The MDA Government has completed 2 years and 5 months in office. The public expects a rejig where ministers who have not performed well in their respective departments would have to cede space for others to replace them. After all, a government is not about individuals holding power but of using that power and authority to make peoples’ lives better through a more empathetic governance system where peoples’ needs are addressed and those farthest from the seat of government in Shillong can feel its impacts. If corporates use key performance indicators (KPI) to measure the efficacy of their workers especially at the higher levels where performance is linked to profits why cannot the same yardstick be adopted by governments? Considering that every government will either be voted back to power or voted out depending on its ministers’ performance it is even more crucial that some yardstick for efficiency measurement is adopted.
The MDA-02 government in its second term has taken several decisions in key sectors such as entrepreneurship among young risk-takers in various sectors, the CM Connect programme etc., there are departments that need course correction. The Environment and Forest Department is sluggish and almost blind to the destruction caused to the environment. Even the Public Works Department is a slow-moving coach where projects have longer gestation periods apart from the quality of roads remaining decrepit. The Education Department has been in the eye of the storm with several unresolved issues that need a firm handling instead of blasé statements from the minister. The Public Health Engineering Department needs to be held to account since the Jal Jeevan Mission programme has seen only pipes being laid with no water flowing through them even in peri-urban localities like Laitkor etc.
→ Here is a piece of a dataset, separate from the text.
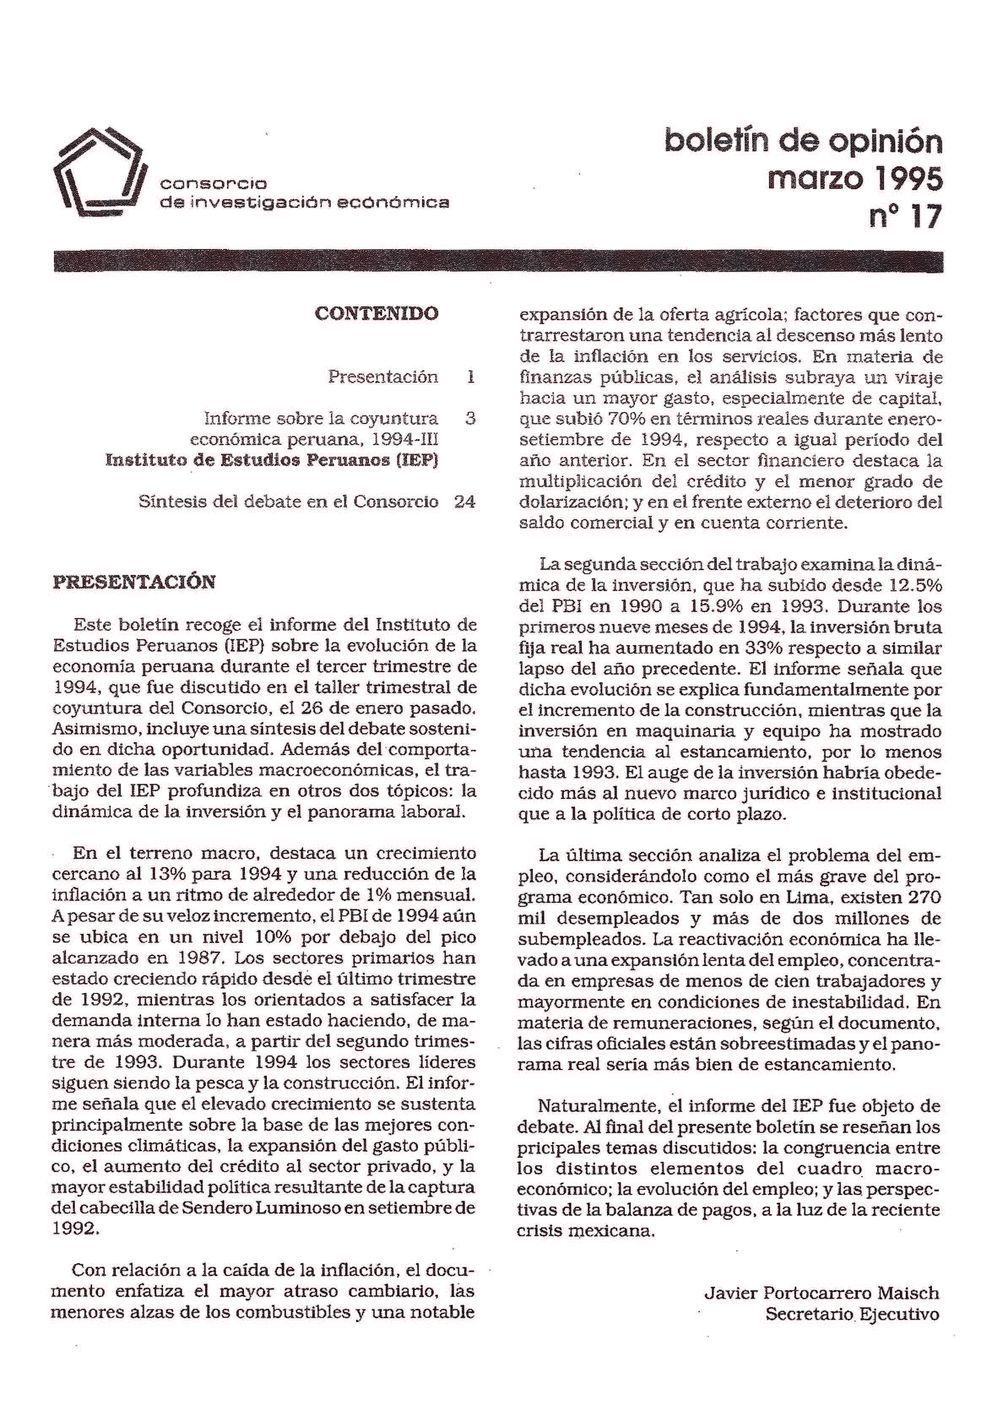 Boletín de opinión: Análisis de la economía peruana, 1994-III

Governance in Meghalaya is Shillong-centric while the villages continue to labour under a system that barely addresses their needs. That after 50 years of statehood Meghalaya should be having schools where classes cannot be held when there’s heavy rainfall because rainwater enters the classroom is a shocking reality. It shows that MLAs representing those constituencies don’t care because they don’t speak about such lapses in the Assembly. If education was a priority for our elected representatives they would have laboured at length on the poor educational infrastructure during the Assembly sessions but that is not heard. That is because these MLAs don’t know what’s ailing the education system in their constituencies. True that the majority of MLAs from the Garo Hills are from the ruling party – the NPP and are therefore bound by their party rules not to raise such embarrassing issues in the Assembly. But unless the Chief Minister removes poor performers and brings in new faces who could deliver better, then the state is doomed to be governed by inefficient ministers whose pre-occupation is to better their own prospects even while the governed slip down the poverty line. Considering that poverty is real and ‘in your face’ in Meghalaya, the Chief Minister ought to have a minister in charge of Poverty Alleviation. Let’s see what policies this minister will come up with.